Piotr Ilyitch Tchaikovsky

DGG 4826184
  • Capriccio italien, Op. 45 1
  • Fantasy Overture in B minor "Roméo & Juliet" 2
  • Symphony in B minor "Manfred", Op. 58 3
  • Symphony #6 in B minor "Pathétique", Op. 74 4
1 Berlin Philharmonic Orchestra/Ferdinand Leitner
2 Boston Symphony Orchestra/Claudio Abbado
3 London Symphony Orchestra/Yuri Ahronovitch
4 Vienna Philharmonic Orchestra/Claudio Abbado
Deutsche Grammopho Eloquence (Australia) 4826184 2CDs

There is a little town about an hour north of where I live called Frankenmuth, and they serve excellent family-style chicken dinners. The chicken alone is worth the trip. However, as the years have passed, the famous side dishes have not aged as well, and the mashed potatoes are particularly suspect. This set reminds me a lot of those dinners, in that the entrees are very fine, but the fillers aren't quite worth the calories. I imagine our continental and Australian friends will be appalled by the metaphor, but that chicken is good. Eloquence's Tchaikovsky cycle concludes with a similarly satisfying entry.

Abbado's pairing of the Symphony #6 and the Fantasy Overture have already appeared on Eloquence, and some collectors may have used Buywell or Amazon.UK to get it. The Symphony features typically beautiful playing from the Vienna Philharmonic Orchestra, and Abbado also conducts with a sure hand. Compared to his labelmates Bernstein and Fricsay, he's a little short on pathos. On the other hand, compared to those two, he's also more suited for everyday listening. Whether that's what you want in your "Pathétique" is going to be up to you, but this is lovely. The sound is also warm and fits the polished feel of the orchestra. Unfortunately, Roméo & Juliet receives a somewhat pedestrian reading that fails to match Abbado's best work in Boston.

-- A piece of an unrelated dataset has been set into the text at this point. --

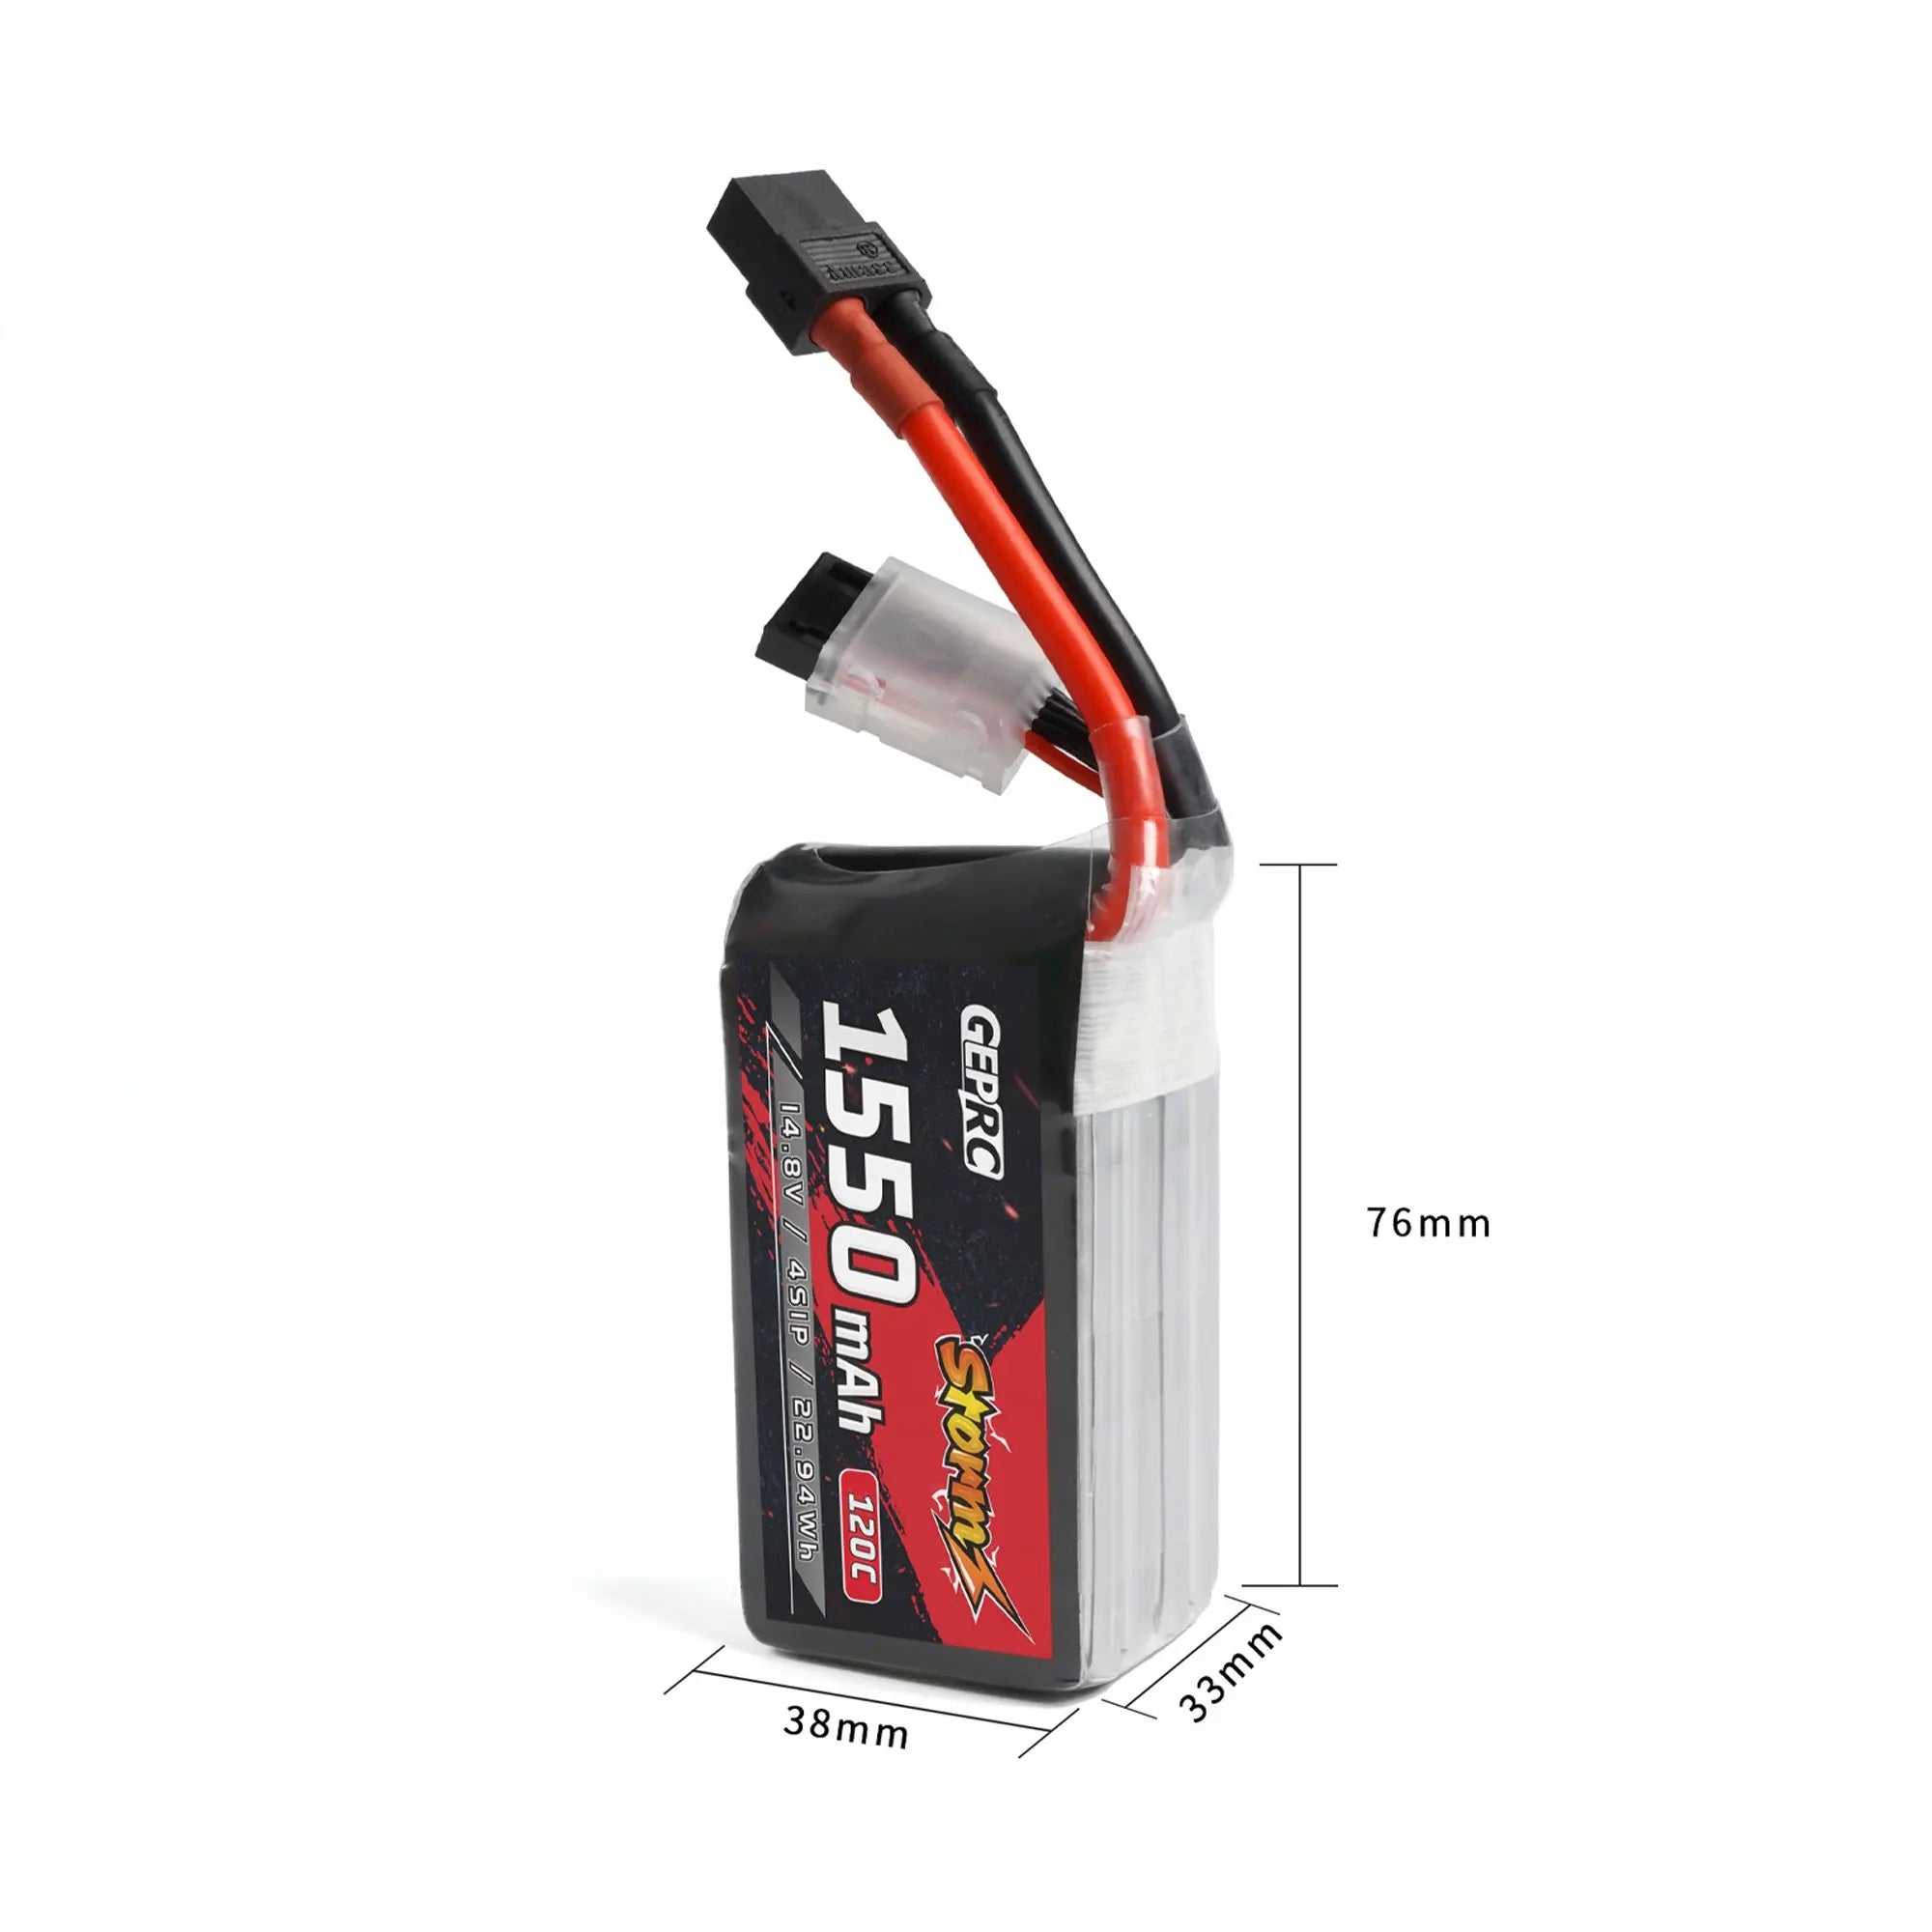 GEPRC Storm 4S 1550mAh 120C Lipo Battery, the charging rate supports up to 3C, and it is recommended to use 1-1.5C 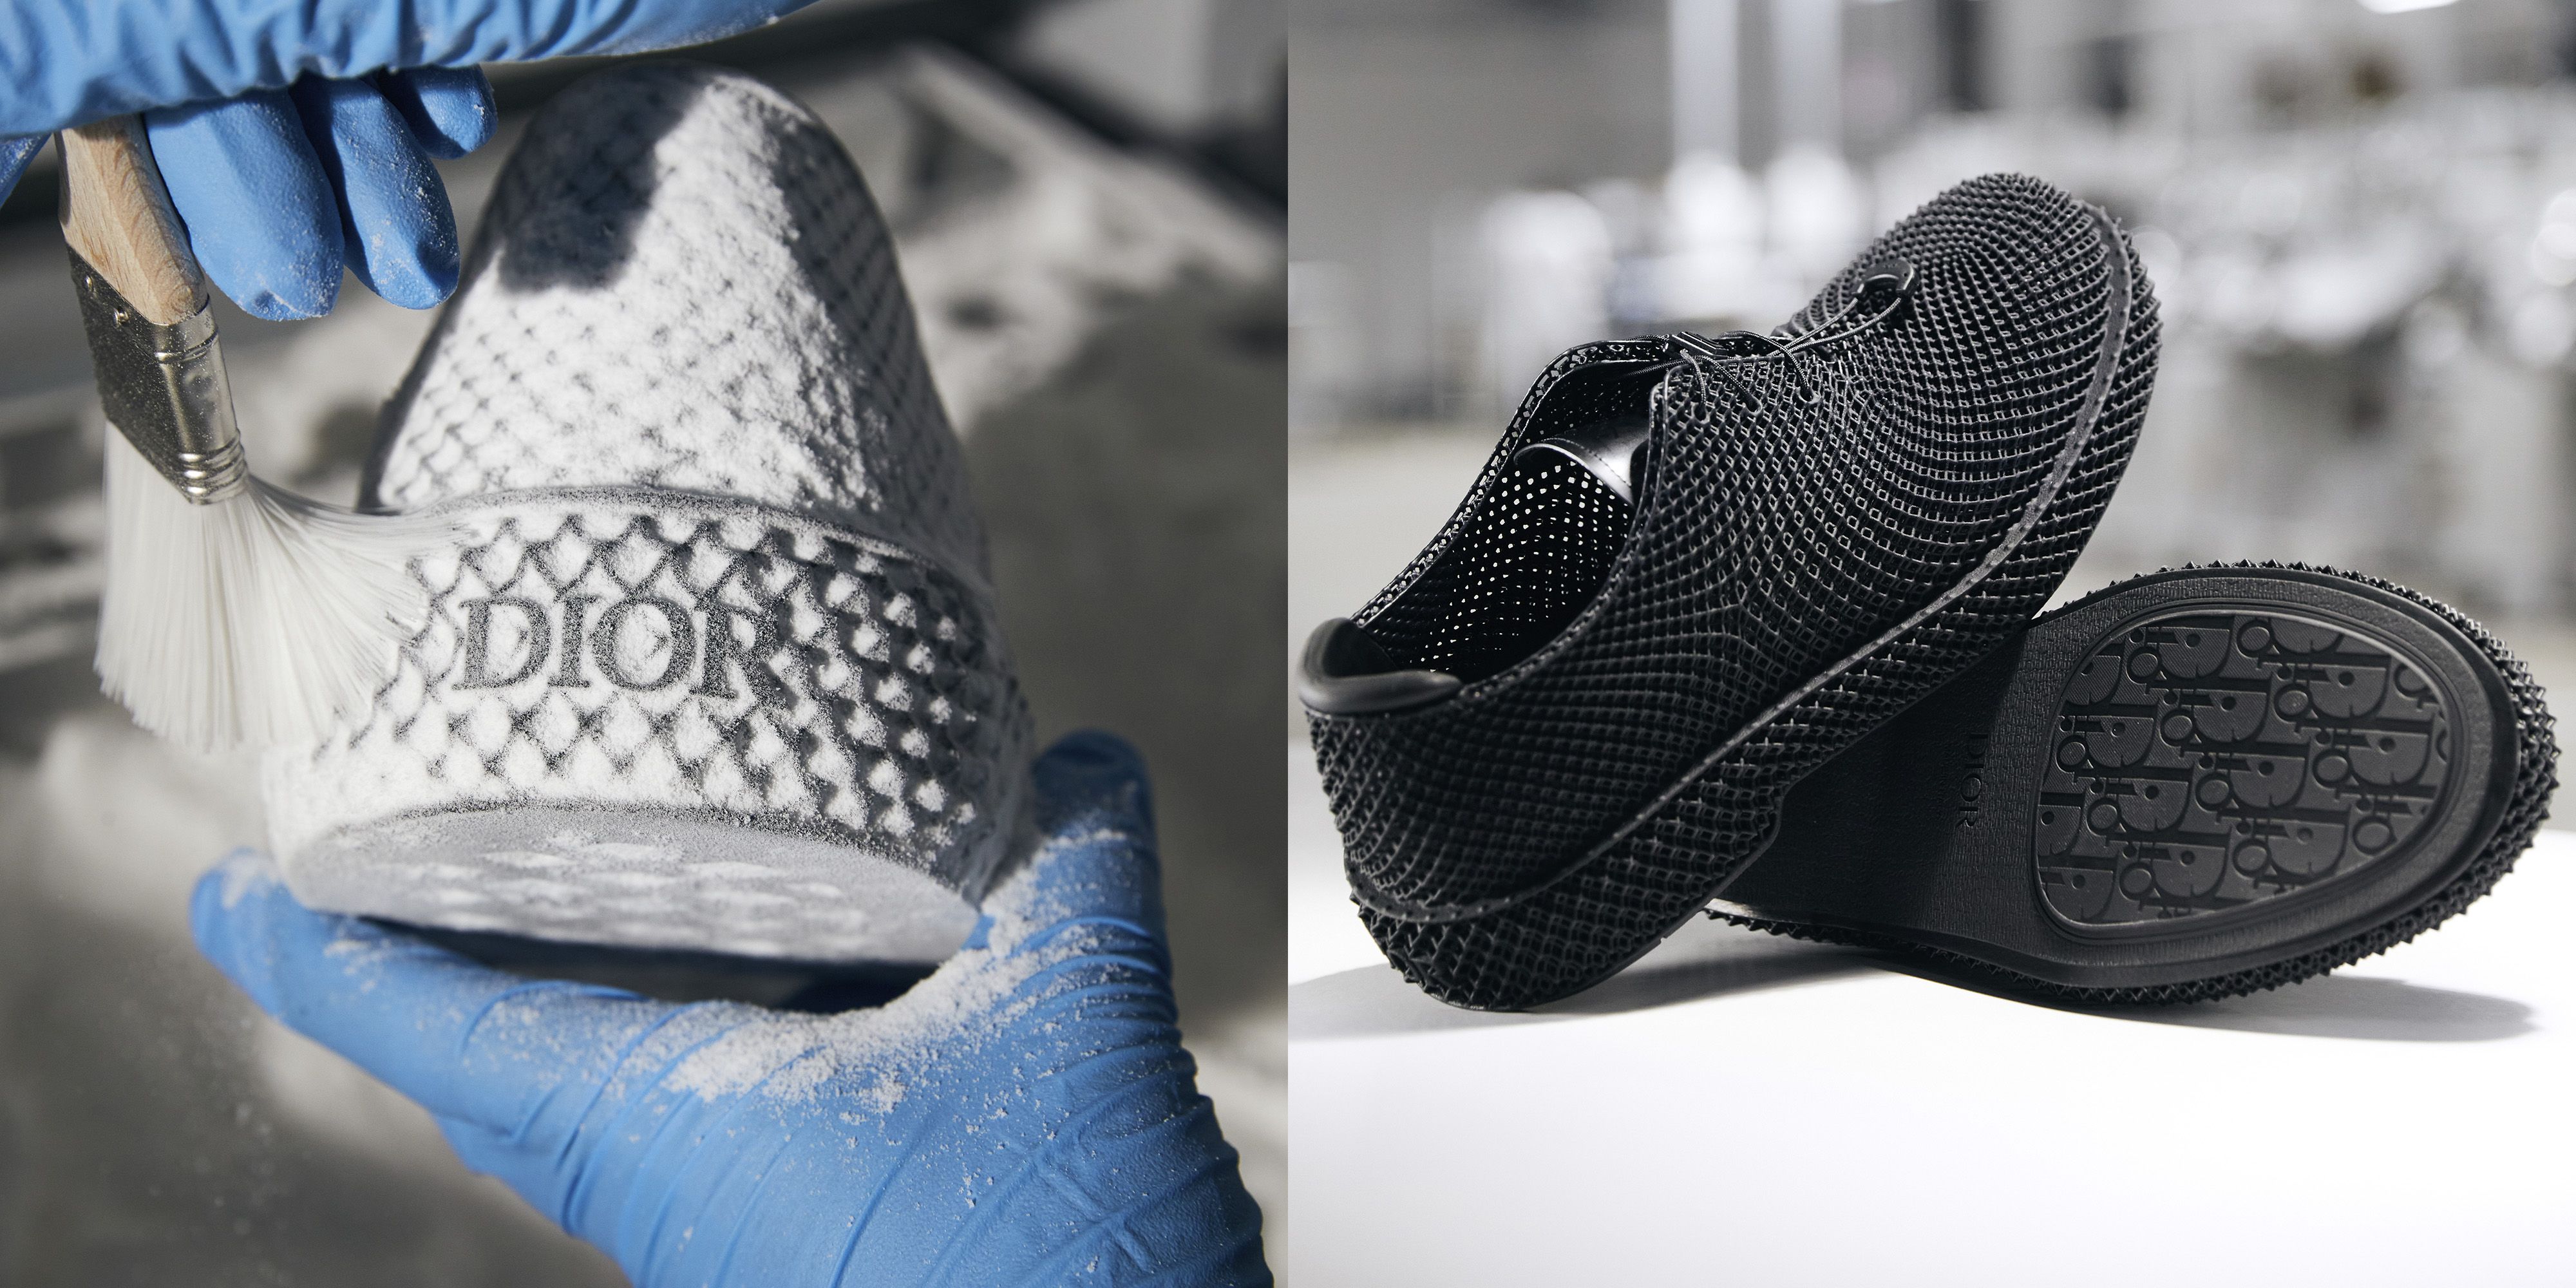 We Can't Stop Thinking About Dior's 3D-Printed Derby Shoes

The "Manfred" Symphony has not achieved the same popularity as the composer's other large orchestral works, and suffers from a reputation for being both difficult to play and a lack of musical cogency. I happen to enjoy when it's played with commitment and unapologetic flair, and for whatever reason only British orchestras seem to record it successfully. There are others around the world worth hearing, but the UK has the best overall showing. The Philharmonia and London Philharmonic Orchestra have been especially lucky, but this 1977 rendition under Ahronovitch with the London Symphony also deserves your attention. The orchestra plays exceptionally well. Ahronovitch doesn't monkey around with the work in any way that's truly distinctive, but he does draw an appreciable richness from his ensemble. What's more, he brings out plenty of detail in the score that others miss. Where he falls just short is a failure (in my view) to argue the finale tightly enough. Also, fine as the London Symphony is, the rival orchestras mentioned above are just that much more virtuosic.

The package also holds the Capriccio italien, which is given a workday run-through from Leitner and the Berlin Philhamonic. Never the most thrilling of conductors, Leitner is blessed with fine first-desk solos and polished playing, but little more. I suppose it's nice to hear the orchestra before Karajan dominated the next few decades, but a stronger musical personality might have been welcome. All told, there are enough generous recordings here to warrant a confident purchase, especially if you've been waiting for the Abbado and Ahronovitch.